Presented in the first row of Table 3 are reference values reported during the first 24 h of exposure at 4300 m for PetCO2, SaO2, AMS prevalence, and exercise performance. The second row (Benchmark, After prolonged exposure) shows the result of living for 2 to 3 wk at 4300 m compared with the first 24 h of exposure to the same elevation. Starting in the third row, for the IAE 15, IAE 7, staging, and the two NH strategies, changes in PetCO2, SaO2, and endurance exercise performance were compared from before to after completion of each strategy during the first 24 h of exposure to 4300 m. For the MAR strategy, PetCO2, SaO2, AMS, and endurance exercise performance results were compared with those obtained from unacclimatized sea level residents (8,12,13,20,21,24).

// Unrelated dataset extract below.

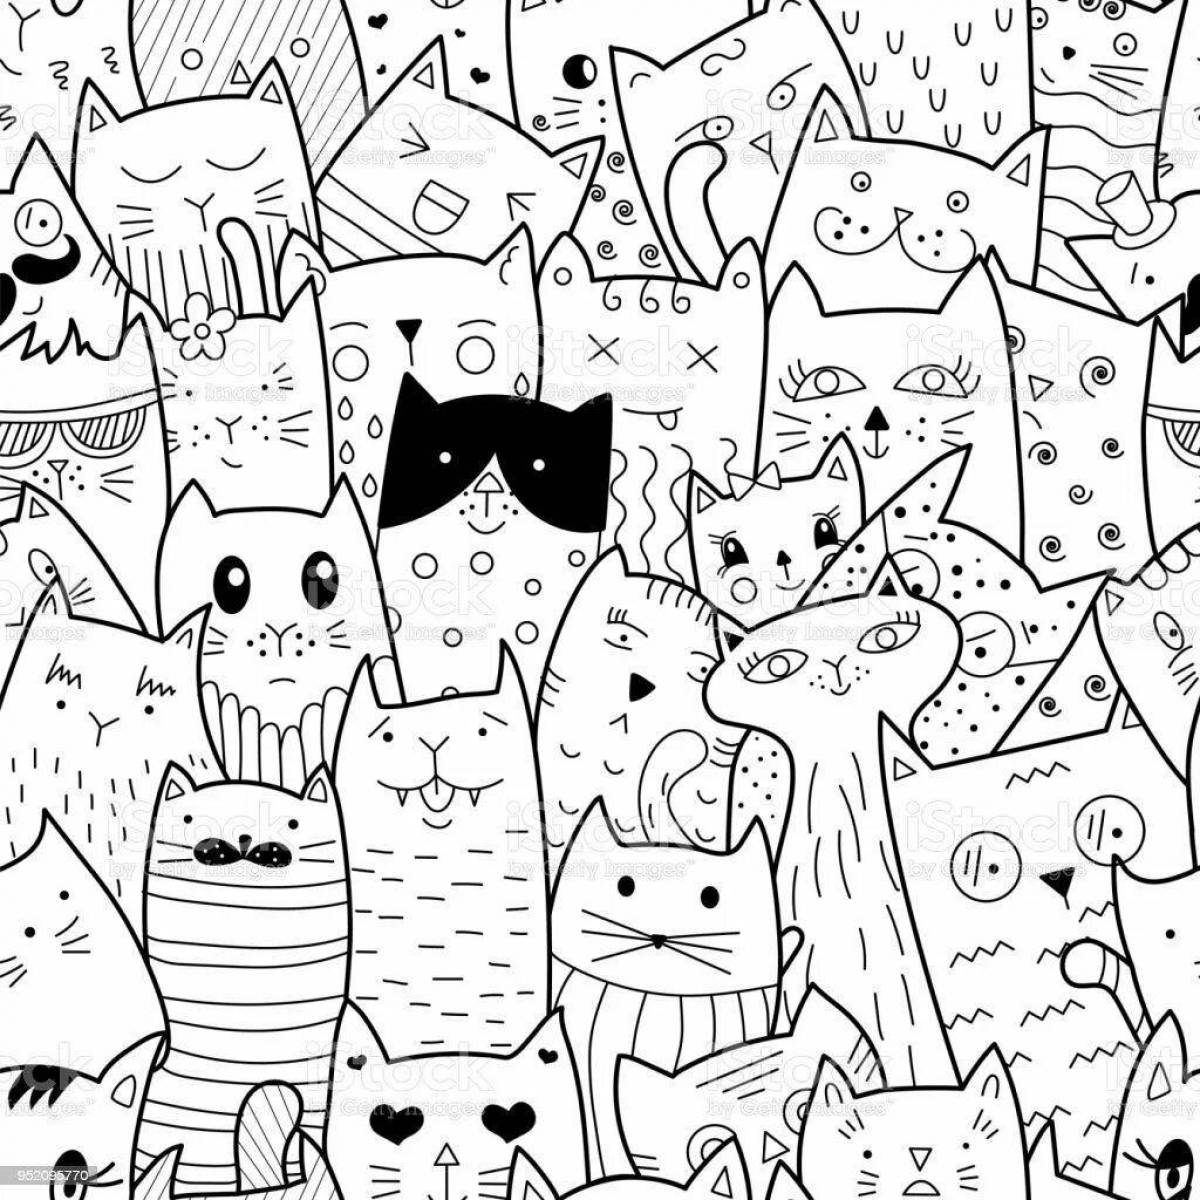 Игривая страница раскраски «много кошек»

As expected, living for up to 3 wk at 4300 m resulted in large and highly beneficial changes for PetCO2, SaO2, AMS, and endurance exercise performance. That is, relative to initial exposure, PetCO2 was reduced by approximately 7 mm Hg; SaO2 was raised by approximately 7%; AMS was eliminated; and endurance exercise performance improved by approximately 20%. Similar adaptations in PetCO2 and AMS were observed for the IAE 15 strategy, although the improvement in SaO2 was smaller than the benchmark (see table legend). It is noteworthy that the IAE 15 strategy caused a larger improvement in endurance exercise performance than the benchmark at 4300 m, which was possibly related to preservation of cardiac output, as discussed in the original paper (2).

The MAR preacclimatization strategy also was highly effective at 4300 m. With initial exposure of the MAR to 4300 m, PetCO2 was greatly reduced, SaO2 was greatly increased, and AMS was absent. With regard to exercise performance, the MAR did not suffer any reduction in exercise intensity (i.e., % Peak power output) during endurance exercise assessments at 4300 m when compared with those at 2200 m. This finding is in stark contrast to the large initial reduction in exercise intensity typically experienced for at least 3 d by previously unacclimatized volunteers when living continuously at high altitudes (8,14). The MAR strategy therefore provided a high degree of ventilatory acclimatization, eliminated AMS, and preserved and benefited endurance exercise performance immediately after ascent to 4300 m.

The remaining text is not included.